Eduardo Daniel da Silva is the youngest of his family, son of Sebastião Daniel da Silva and Hilda Cândida da Silva. The family has a history in agriculture, beginning with working on large farms assisting with rice and banana production in the region. They began growing coffee in the 1990s, and eventually were able to plant their crops across four different growing areas of three hectares each in the community of Sertãozinho. When Eduardo turned 18 he received one of the plots to manage and named it Sítio Tarumã.
The family continued working together through the years, and eventually decided to enter the specialty coffee market in 2016. Eduardo’s older brother, Cleverson, became a Q Grader, and the two worked together to improve the quality control management and post-harvest processing on the farm. Since implementing these changes they’ve already won a number of quality competitions throughout the region.

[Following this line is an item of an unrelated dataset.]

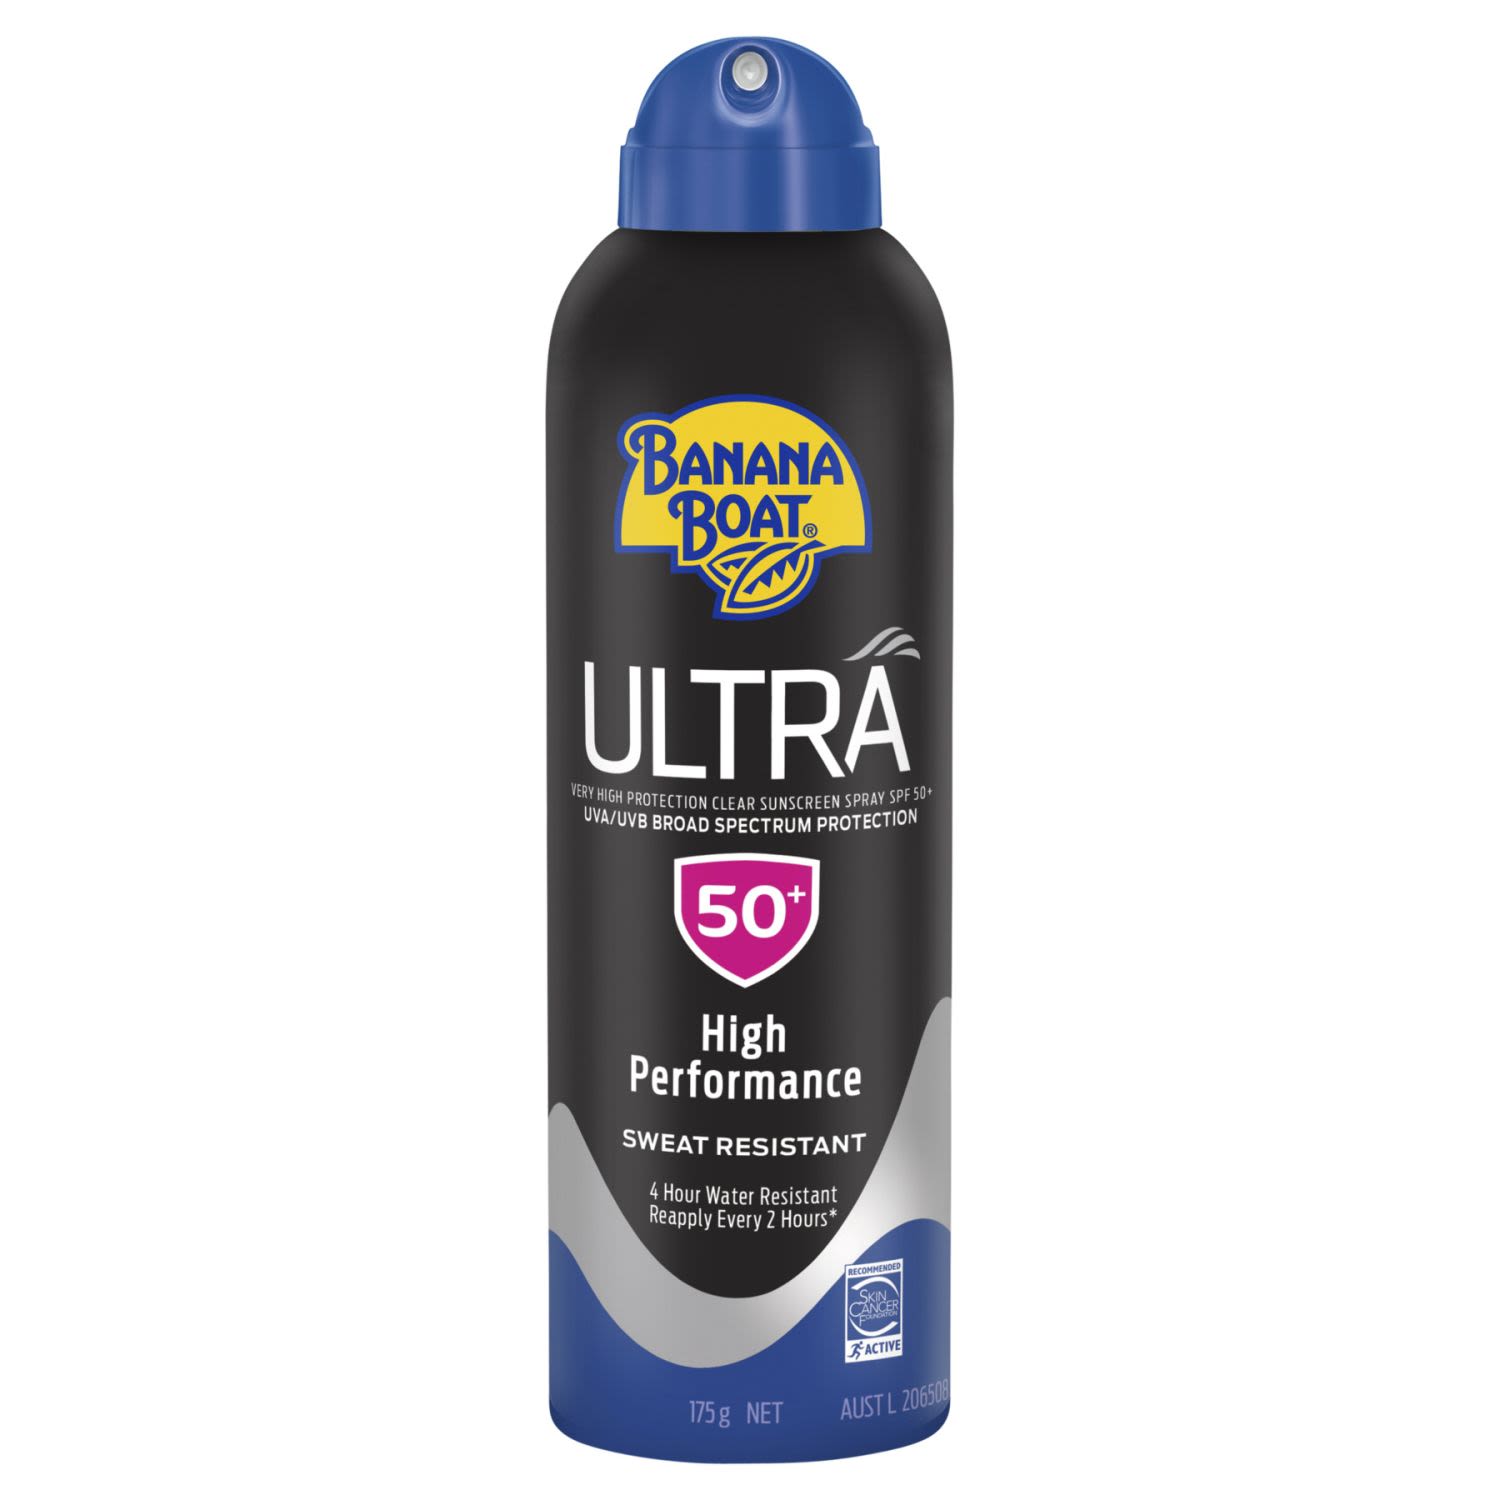 Banana Boat Ultra Clear SPF 50 Sunscreen Spray, 175 Gram

The goal of Eduardo and his family is to continue producing high quality crops and to build a legacy of coffee cultivation for future generations of the family. They aim to show other people in the region that small producers can grow incredible coffees and work harmoniously with the land around them.
This lot of Yellow Catuai coffee underwent Natural processing. Catuai was developed by the Instituto Agronomico (IAC) of Sao Paulo State in Campinas, Brazil by crossing Mundo Novo and Caturra varieties. Catuai coffees are cultivated widely across Brazil, and are known for their high productivity potential.